Recently we are in process of working with Presto and configuring Hive Connector to it. It got connected successfully with steps given at prestodb.io/docs/current/connector/hive.html. An overview of our architecture is Presto is running on a different machine (Presto Machine) use Hive connector to communicate with Hadoop cluster which is running on different machines. Presto Machine have hive.properties file which tells Presto to use thrift connection to hive client and hdfs-site core-site.xml files for HDFS.
Below is the architecture of our environment.
Below is the command to invoke presto…
/presto –server XX.X.X.XX:9080 –catalog hive
There is no presto user exists in my Hadoop environment. Everything is working well as per documentation and Presto Machine/CLI can query data from Hive database.
But missing information in documents and question is with what Hadoop user, Presto is connected to?
Presto is using hiveServer2, and data present in Hive. I dig further in Ambari configurations and found that hive.server2.enable.doAs is set to “false” which means is that Hiveserver2 will run MR jobs in HDFS as “hive” user. Permissions in HDFS files related to Hive can be given only to “hive” users. We can call this configuration as HiveServer2 access with limited HDFS access.

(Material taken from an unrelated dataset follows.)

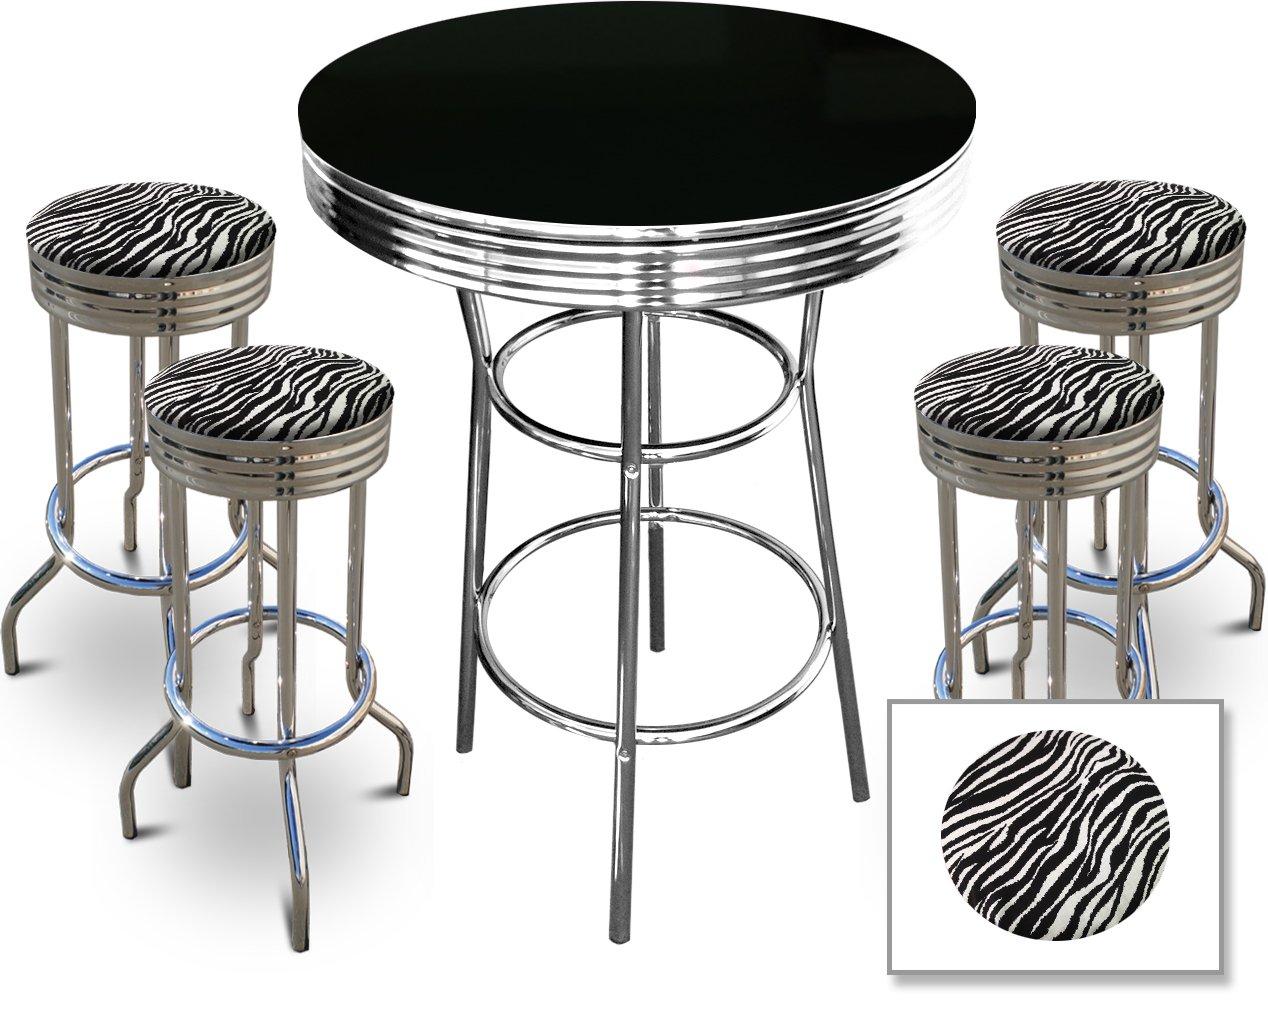 Amazon.com: 4 Zebra Print Barstools and Black Table Set: Kitchen ...

This default configuration shows that data is visible to any system on same network with just Presto(any other connector using HiveServer2).
Now let us says we would like to protect our data, the best way to protect Hive CLI would be to enable permissions for HDFS files/folders mapped to the Hive database and tables.
The other option to protect our data over Hiverserver2 is using ranger hive plugin and In order to secure metastore, it is also recommended to turn on storage-based authorization. Below are configuration changes: hive-site.xml or In Ambari -> Hive-> Config, ensure the hive.server2.enable.doAs is set to “true”.
What this means is that Hiveserver2 will run MR jobs in HDFS as the original user. Make sure to restart Hive service in Ambari after changing any configuration. In Ranger, within HDFS, create permissions for files pertaining to hive tables. Provide appropriate permission to the file corresponding to the Hive table. The users can access data through HDFS commands as well. Check the audit logs in Ranger. You will see audit entries in Hive and HDFS with the original user’s ID.
Happy Data security!!!